Cornelius B. Campbell was born on October 4, 1818, in Henniker, New Hampshire, to Hezekiah and Rebecca Campbell. His father was a shoemaker. He attended school in Vermont before enrolling at the Oneida Institute in Whitesboro, New York. By the late 1840s, he was working as a Congregational minister.
He moved to Low Moor, Iowa, in the 1850s, and he married Phebe Thomas. By 1860, they owned $750 of real estate and $1,400 of personal property. According to an early biographer, they “made their home one of the stations on the Underground Railroad, receiving, secreting and forwarding fugitive slaves along the line.” He worked closely with fellow conductor George W. Weston, and he helped raise Weston’s two children after Weston and his wife died. He supported the Union war effort, declaring in June 1863 that "'God & Liberty' will triumph & I begin to think sooner than most expect, Copperheadism must go in under."
The family moved to Vineland, New Jersey, in the 1860s, and by 1870, he owned $6,000 of real estate and $500 of personal property. He became a prominent member of the community, and he served as president of the Vineland Historical and Antiquarian Society. He also served as secretary of the local Agricultural and Horticultural Society and secretary of the local Industrial College.

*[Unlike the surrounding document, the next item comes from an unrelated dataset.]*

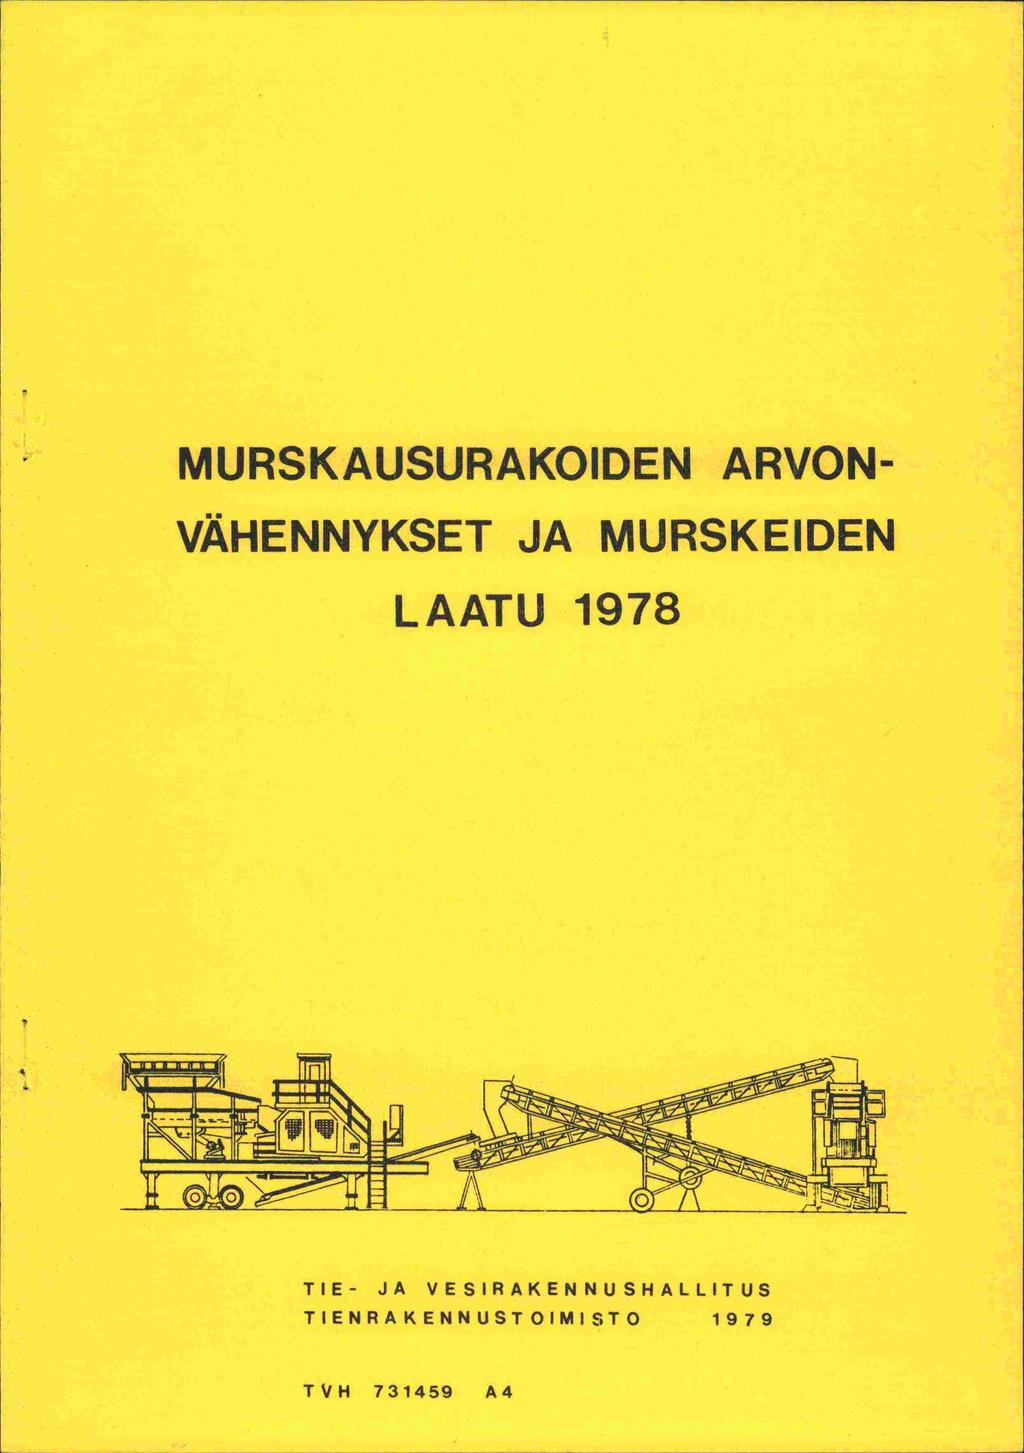 MURSKAUSURAKOIDEN ARVON- VÄHENNYKSET JA MURSKEIDEN LAATU 1978
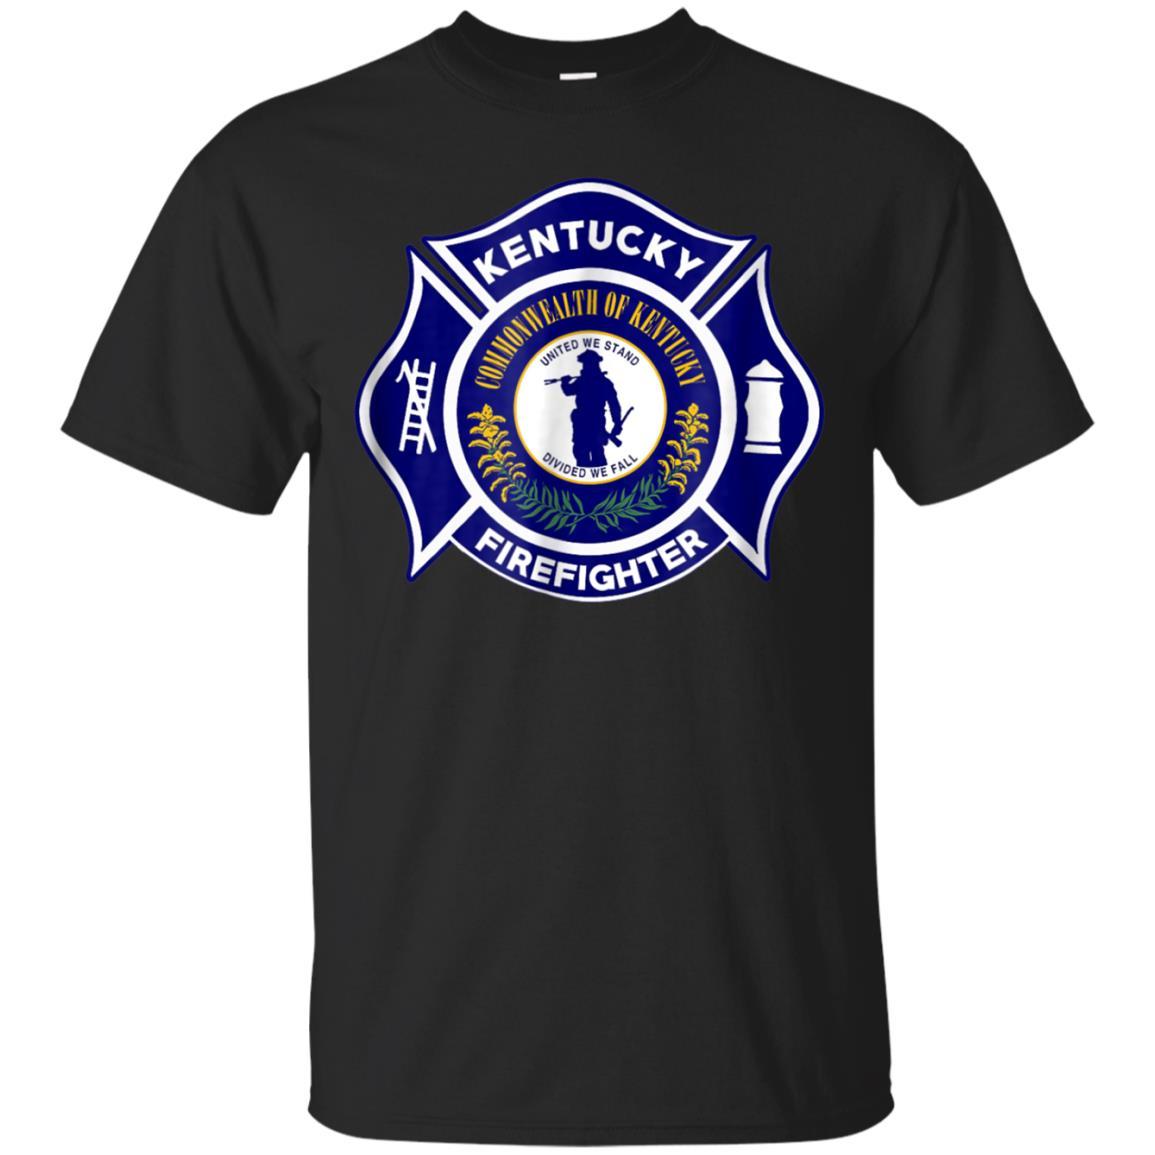 Kentucky Fire Departt Tshirt Firefighters Fire Catsolo T-shirt

He supported the women’s rights movement, and he helped organize the New Jersey State Woman Suffrage Association. At its first meeting in 1867, he declared that “the friends of woman suffrage should vote for no candidate for civil office who will not publicly pledge himself to be practically in favor of the enfranchisement of woman.” He died on May 6, 1889, in Landis, New Jersey.